TRY IT:
Retype nothing except the lines below from the one with "Pig King - Hard Workout 4 Double Dose page 1" through the one with "DASSARI Leather Pilot", exactly, with images left out.

RECORD SET:
^^^^^^^^
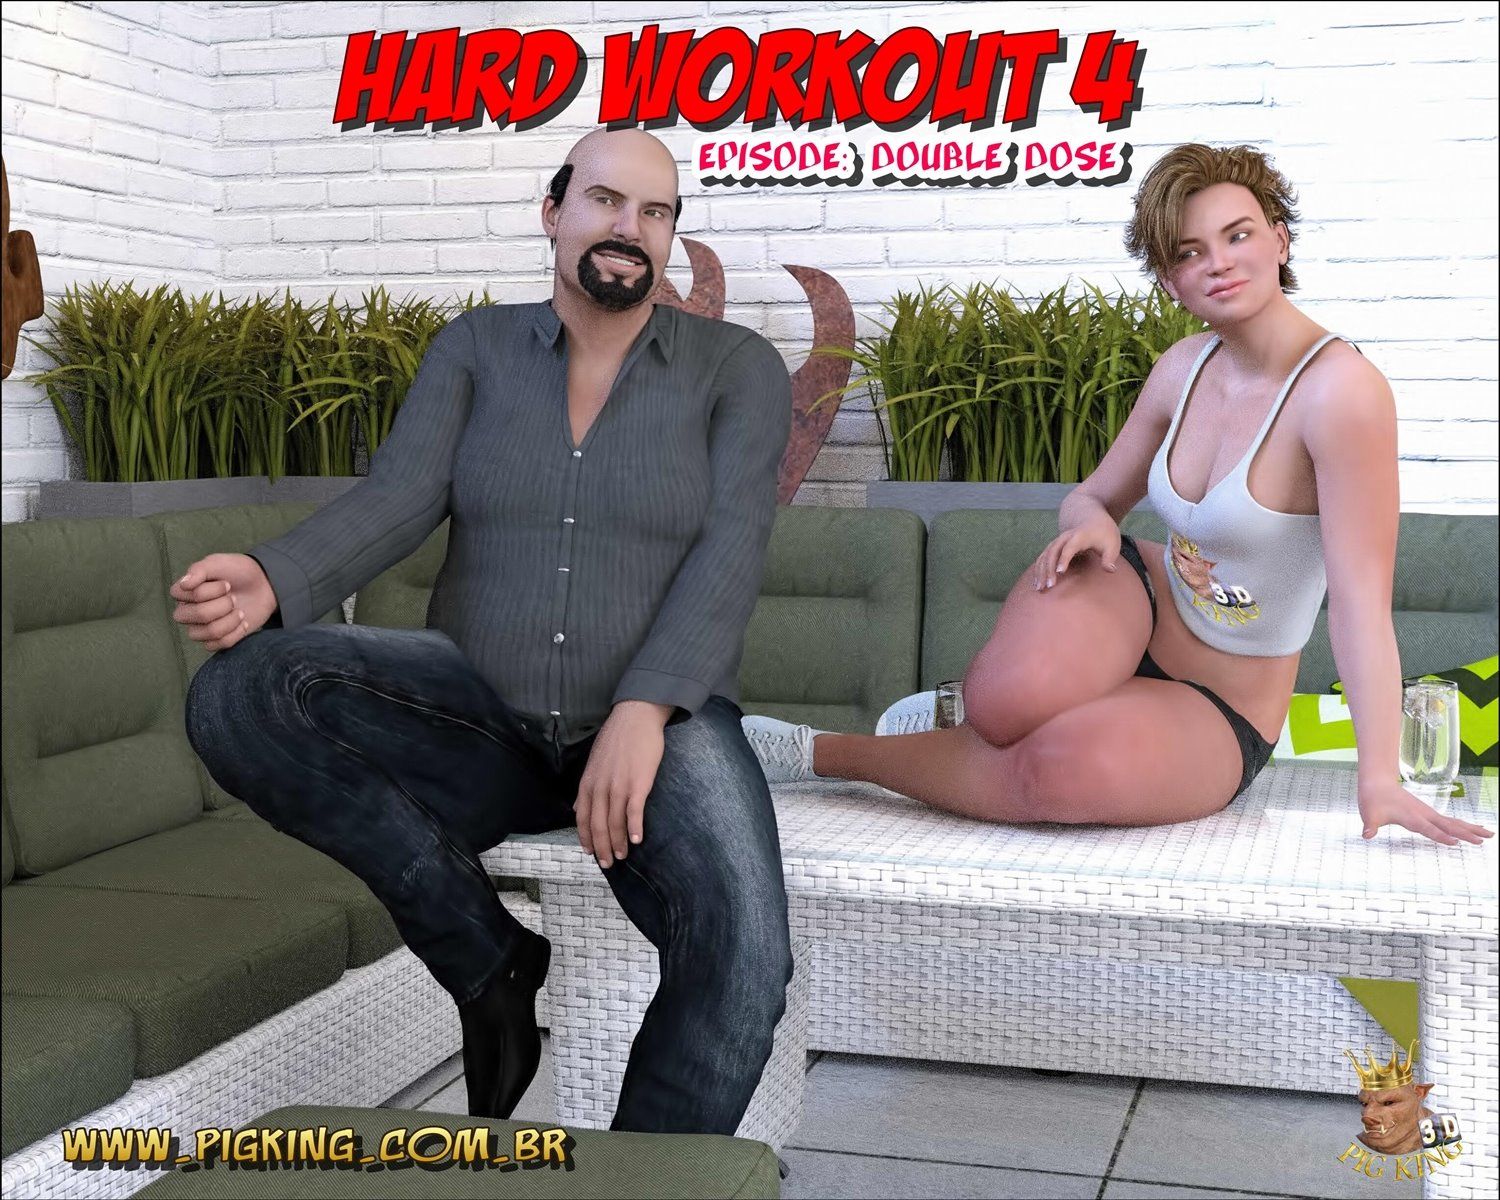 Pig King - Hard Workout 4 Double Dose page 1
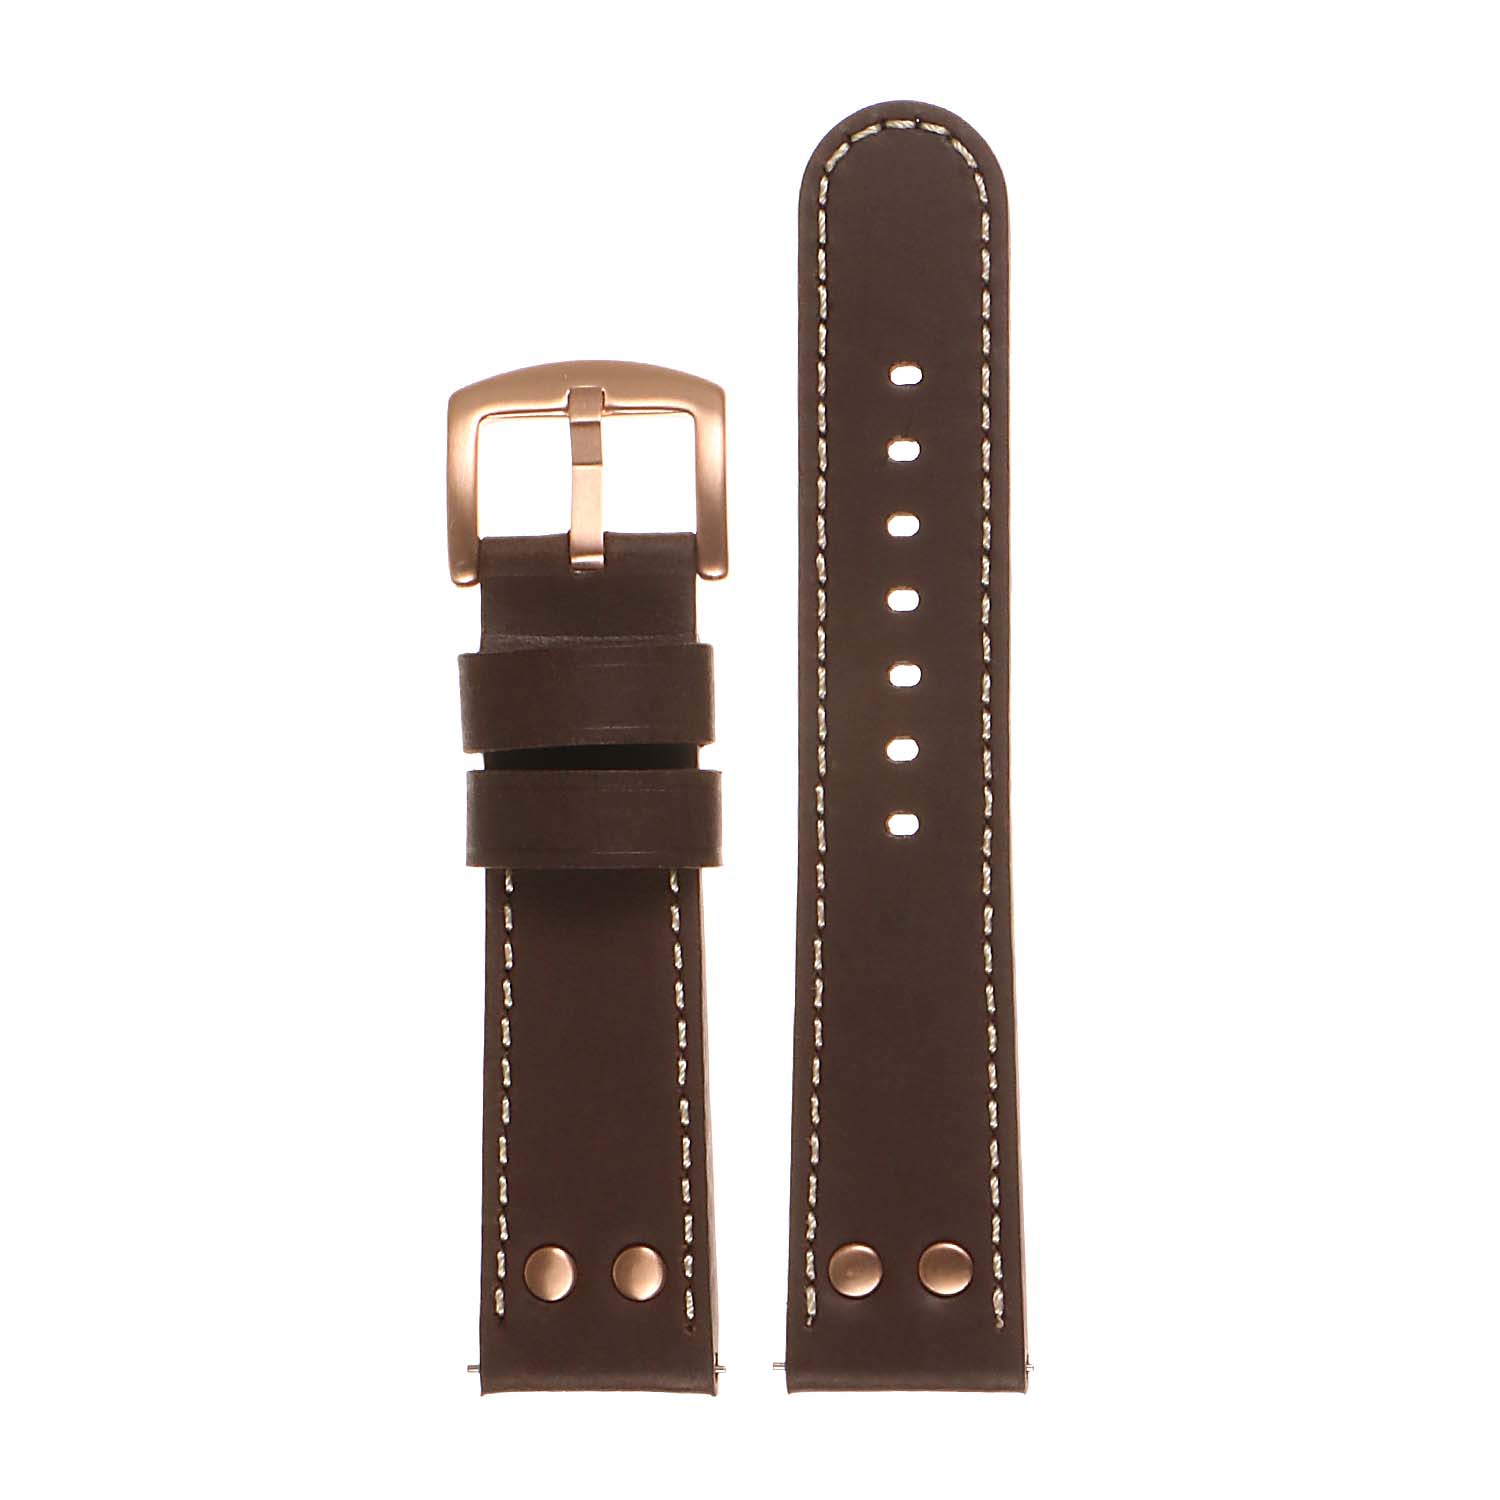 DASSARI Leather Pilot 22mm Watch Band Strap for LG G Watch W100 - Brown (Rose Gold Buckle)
^^^^^^^^
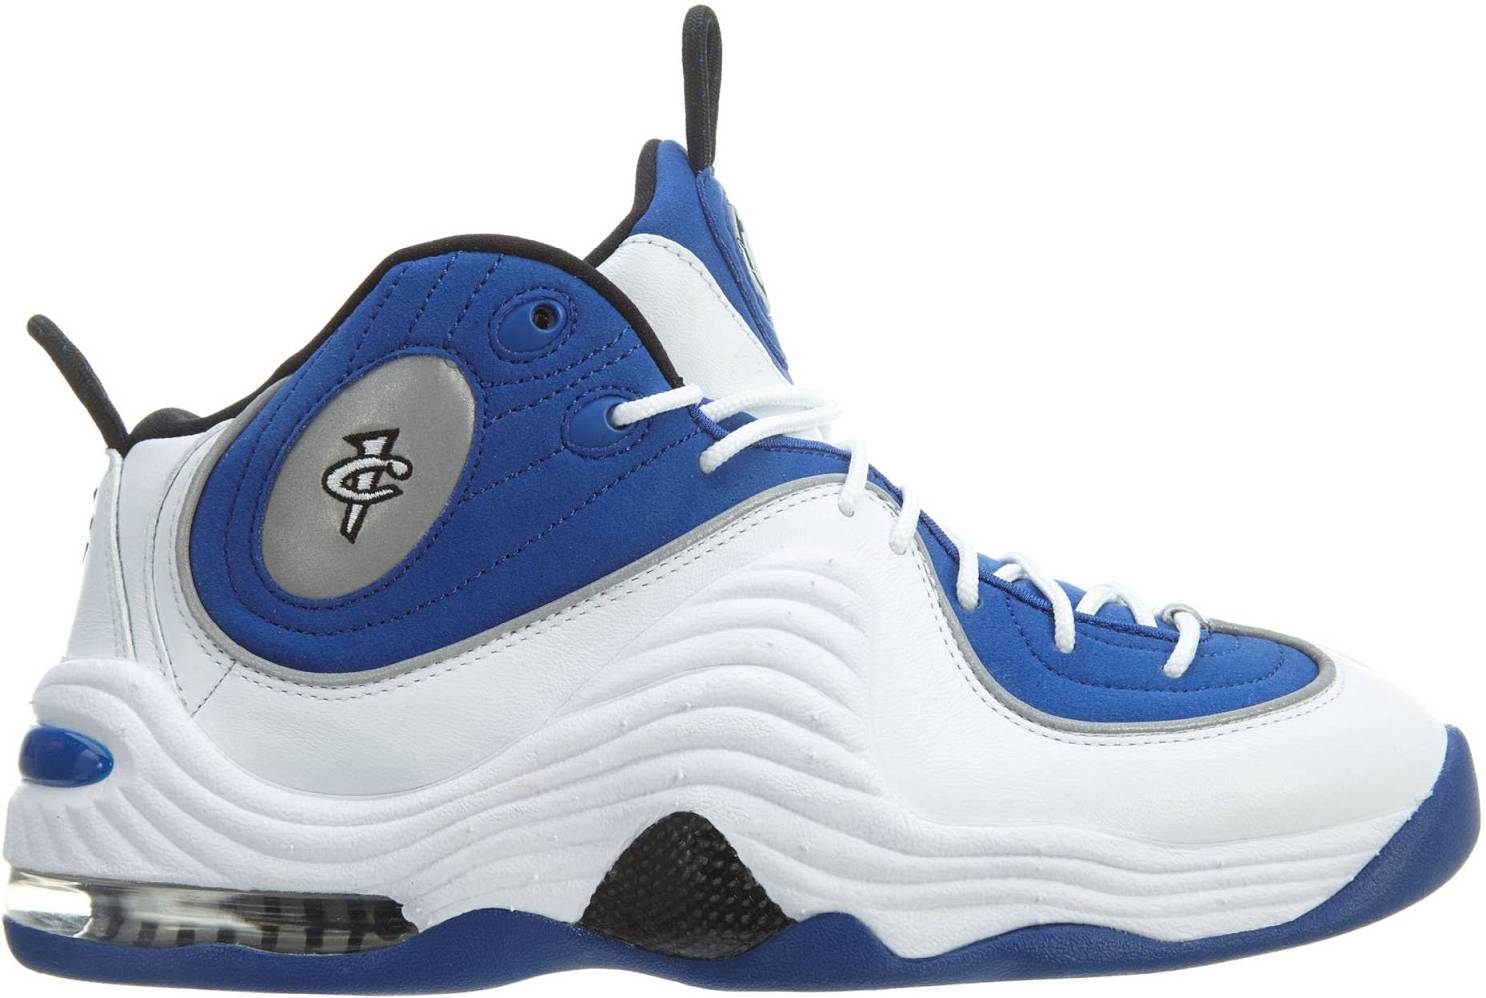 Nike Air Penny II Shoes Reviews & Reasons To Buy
^^^^^^^^
TASK OUTPUT:
 Pig King - Hard Workout 4 Double Dose page 1
 DASSARI Leather Pilot 22mm Watch Band Strap for LG G Watch W100 - Brown (Rose Gold Buckle)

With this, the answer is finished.